# Love My Husband...But a Thing with My Ex..



## Artief (May 19, 2014)

*Troll Thread*


----------



## Amplexor (Feb 13, 2008)

For those of you that wasted your time, sorry.


----------



## lifeistooshort (Mar 17, 2013)

Read her post. Her hb did know everything, including that she carried a torch for the ex, but pursued and married her anyway. But he still doesn't deserve this.
_Posted via Mobile Device_


----------



## chaos (Mar 9, 2012)

I wonder if a Troll Forum could be created where all these little tales could happily reside. It could be titled "Talk About Fantasies".


----------



## Jellybeans (Mar 8, 2011)

I figured something was up when it first posted as the husband in May 2014, and then as the wife today. DOH


----------



## GusPolinski (Jan 21, 2014)

Jellybeans said:


> I figured something was up when it first posted as the husband in May 2014, and then as the wife today. DOH


Some trolls can't tell one bridge from another.


----------



## Augusto (Aug 14, 2013)

why do people waste their energy?


----------



## bandit.45 (Feb 8, 2012)

lifeistooshort said:


> Read her post. Her hb did know everything, including that she carried a torch for the ex, but pursued and married her anyway. But he still doesn't deserve this.
> _Posted via Mobile Device_


I thought women don't carry torches. I was always under the understanding that once a woman detaches from one man and gives her love to another...that's it.

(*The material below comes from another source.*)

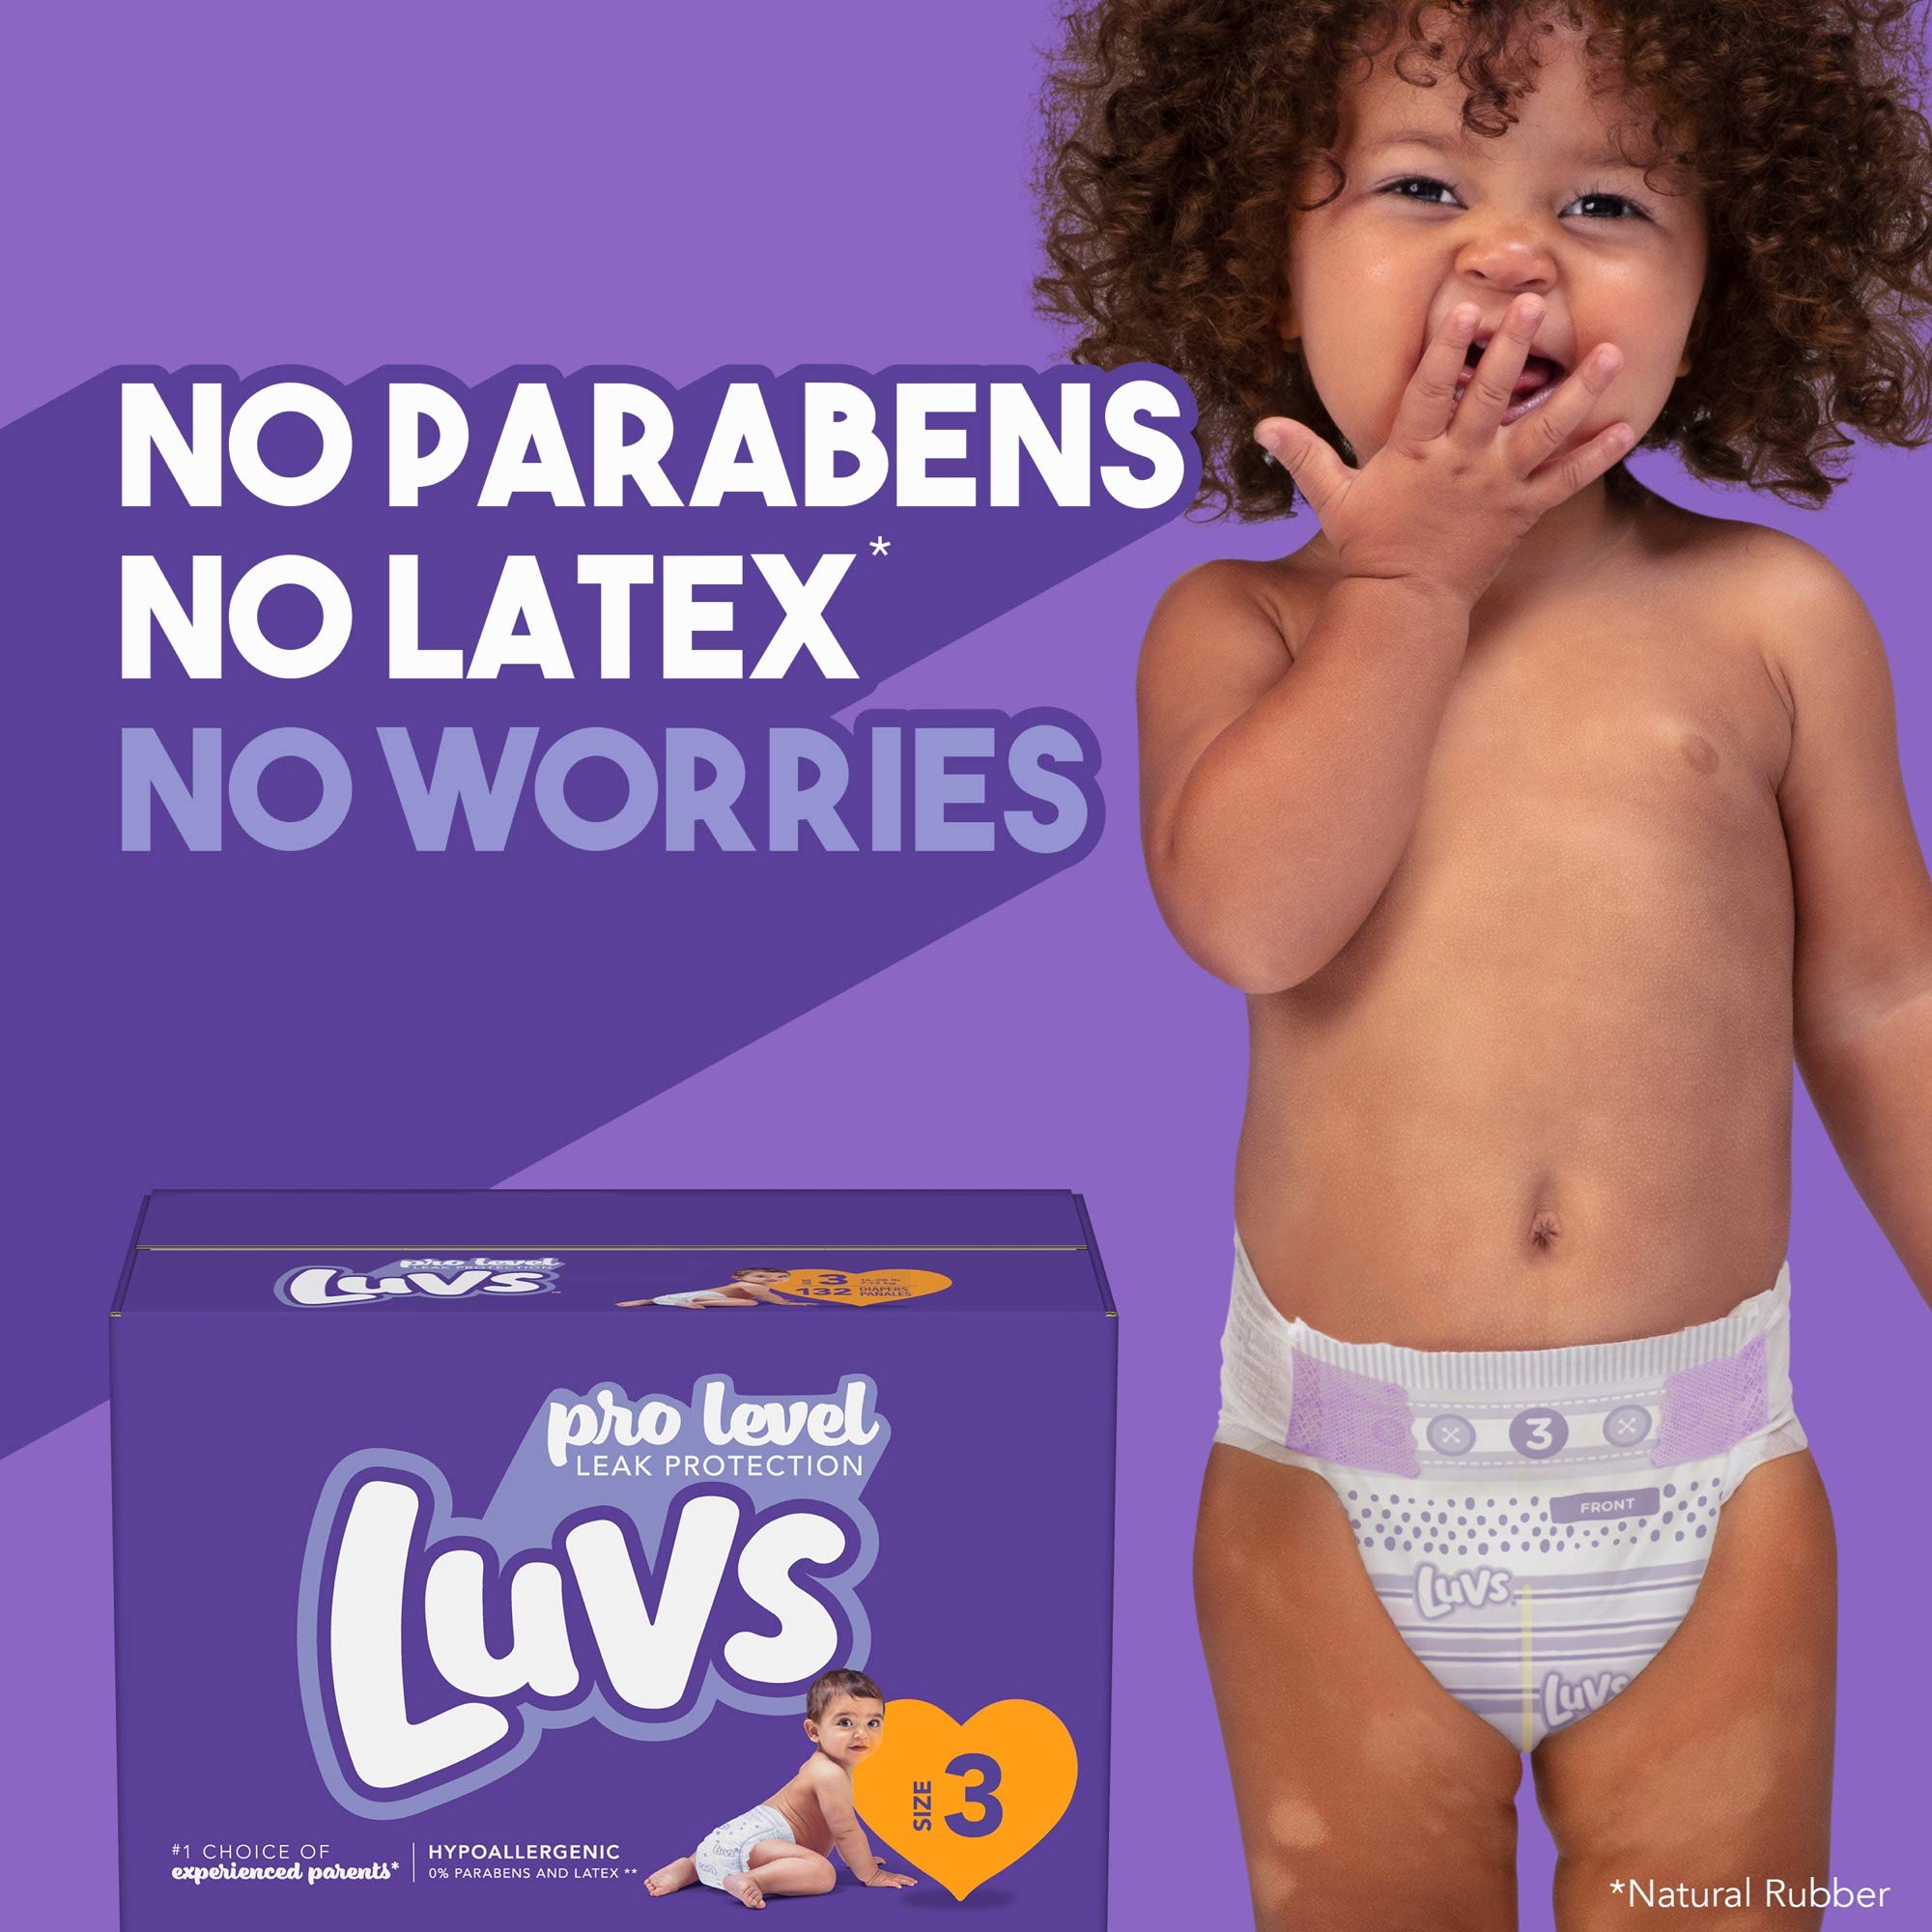 Diapers Newborn/Size 1 (8-14 lb), 252 Count - Luvs Ultra Leakguards Disposable Baby Diapers, ONE MONTH SUPPLY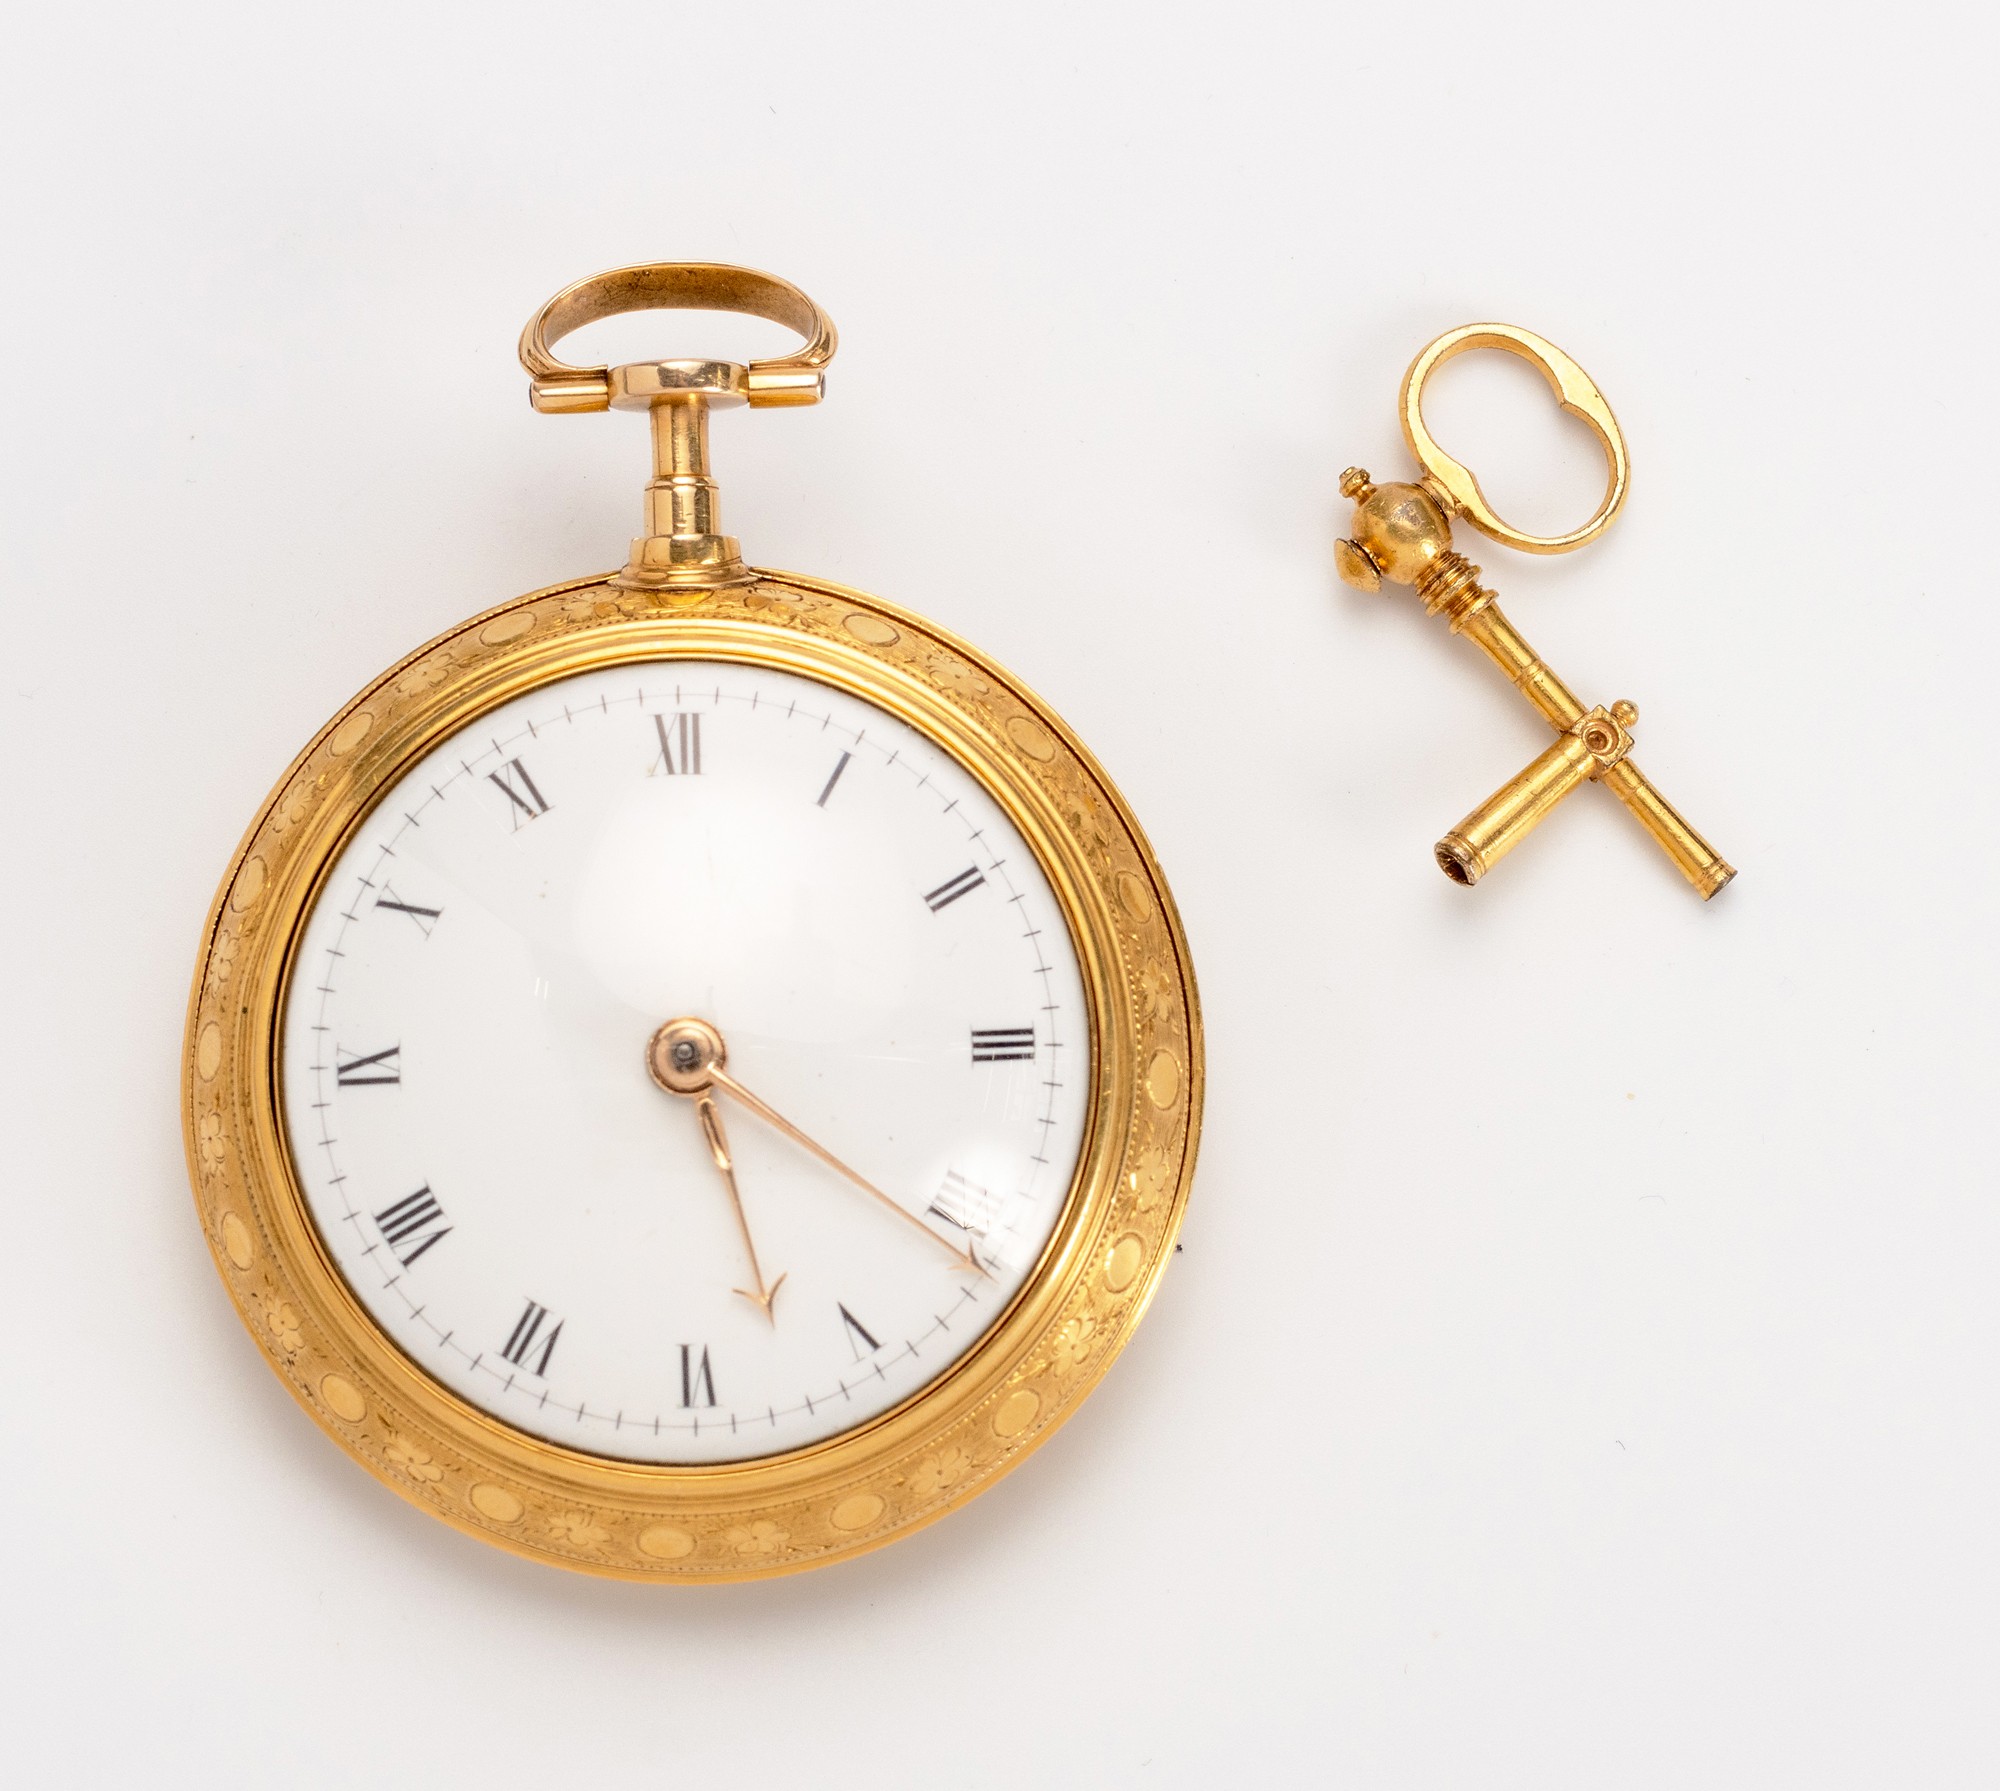 A BARRAUD 22CT GOLD PAIR CASED POCKET WATCH, THE CASE MARKED HPC

No going back.


----------



## chaos (Mar 9, 2012)

bandit.45 said:


> I thought women don't carry torches. I was always under the understanding that once a woman detaches from one man and gives her love to another...that's it. No going back.


That's only if they are the "dumper" not the "dumpee"


----------



## bandit.45 (Feb 8, 2012)

chaos said:


> That's only if they are the "dumper" not the "dumpee"


Ahhhhh.....thank you.


----------